An artist’s rendering shows a new Compass Health facility on Broadway that will house a 16-bed mental health evaluation and treatment center and a 14-bed triage center, along with offices for crisis prevention, outreach and engagement teams. (Compass Health)

An artist’s rendering shows a new Compass Health facility on Broadway that will house a 16-bed mental health evaluation and treatment center and a 14-bed triage center, along with offices for crisis prevention, outreach and engagement teams. (Compass Health)

Commentary: Help Compass Health add to mental health services

The behavioral health provider is seeking $4 million from the community for a new 32-bed facility.

By Tom Sebastian and Roxi Cronin / For The Herald

An estimated 1 in 4 Americans live with a behavioral health disorder. Locally, we see the visible impacts of mental health needs every day, and over the past several years, mental health needs have skyrocketed across our community, region and nation.

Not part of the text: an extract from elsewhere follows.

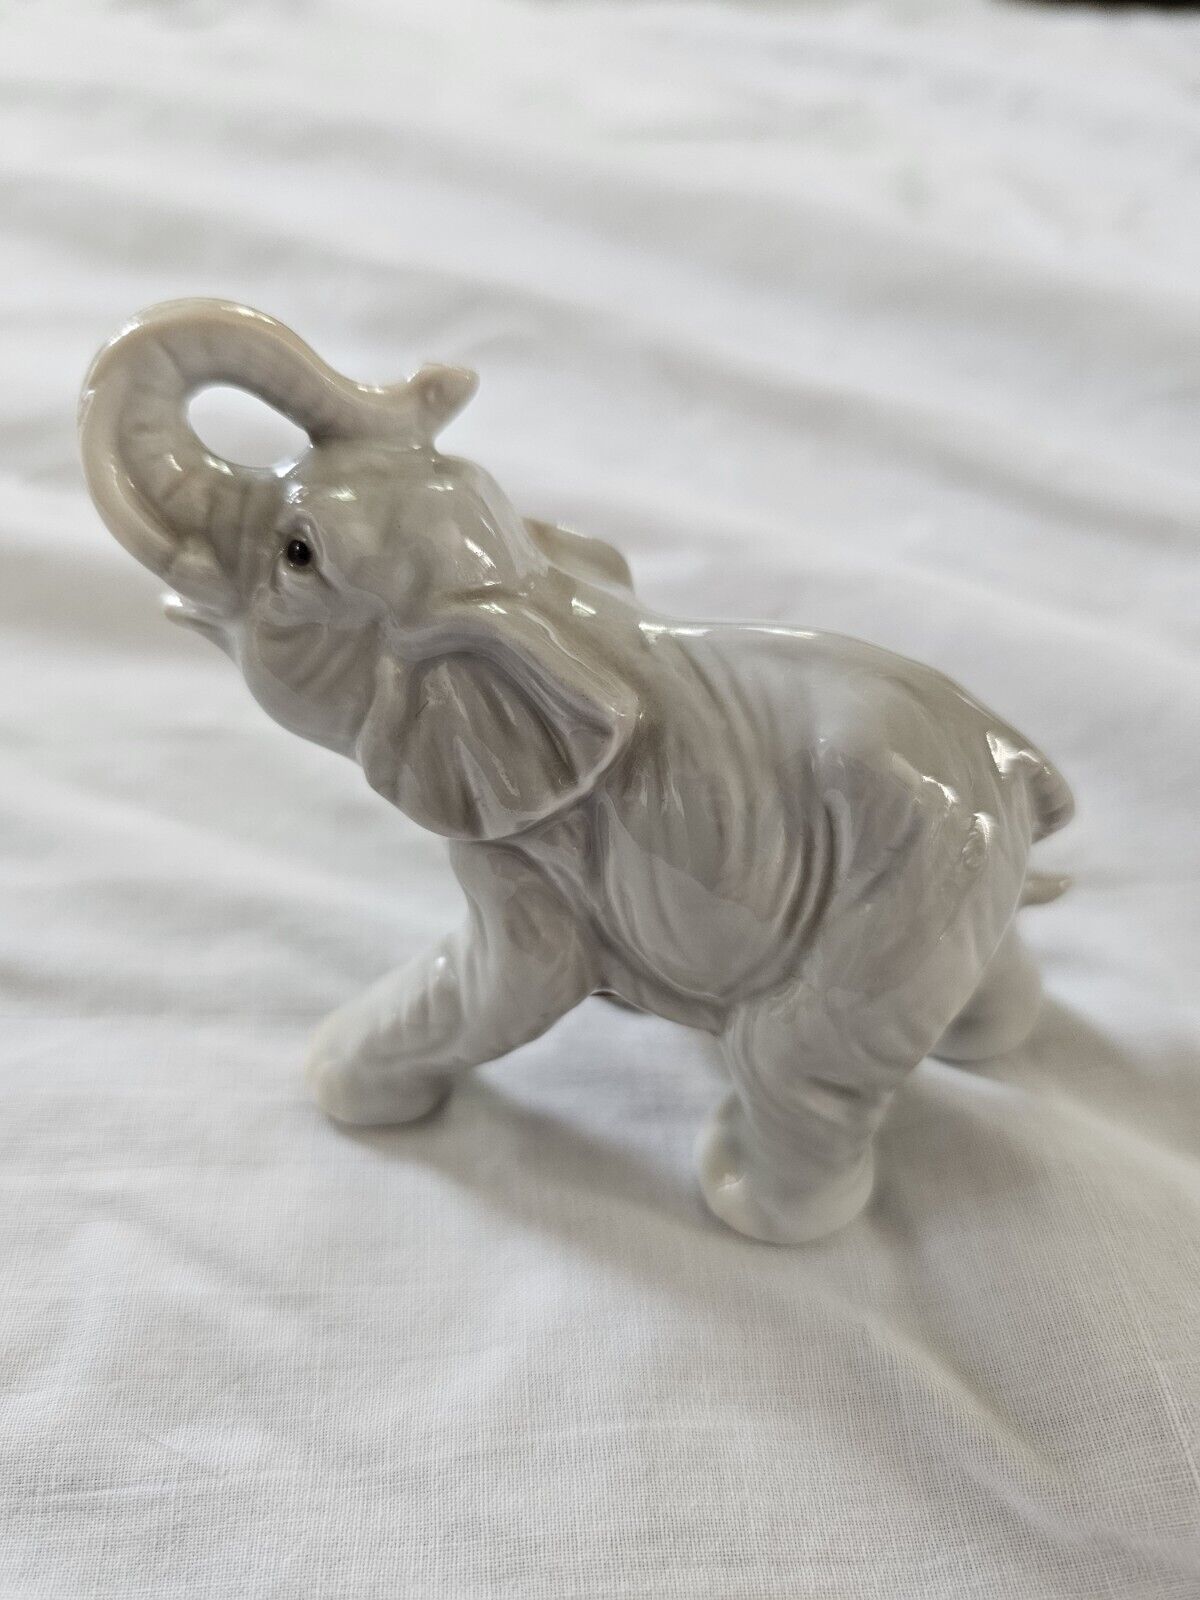 Vintage George Good Miniature Porcelain Trunk Up Elephant Figurine

Conditions such as depression, anxiety and bipolar disorder often require intensive treatment and are exacerbated by other pressing issues such as housing insecurity. In fact, chronic, long-term homelessness now accounts for more than 50 percent of all people experiencing homelessness in Snohomish County.

We have a key opportunity as a community to invest in systems and infrastructure that will enable us to address these needs, helping individuals achieve recovery and preventing the mental health crises that weigh on our families, workplaces, emergency responders and medical systems.

Standing at this inflection point, it’s time to build solutions that empower a healthier, more sustainable, proactive and sophisticated future for our community.

With your help, Compass Health is turning that future into a reality.

Our organization recently launched It’s Time: The Campaign for Compass Health, a $14 million capital campaign to help fund the second phase of the Broadway Campus Redevelopment: a state-of-the-art facility designed to address some of the most pressing and complex mental health needs across our region.

The campaign has already raised more than $10 million thanks to lead funders including the Sunderland Foundation, the M.J. Murdock Charitable Trust, The Norcliffe Foundation, Premera Blue Cross, and the Martyn Family Foundation. My family’s charitable giving organization, the Cronin Family Foundation, proudly invested early to help bring this project to life, alongside other companies, individuals and families who recognized the opportunity to make an impact. State leaders have also contributed more than $20 million toward the total $65.7 million cost of this transformational project.

Now, we and our colleagues across the Compass Health community are encouraging residents of Snohomish County and beyond to join us in building the future of behavioral health care by helping to raise the remaining $4 million in capital campaign funding.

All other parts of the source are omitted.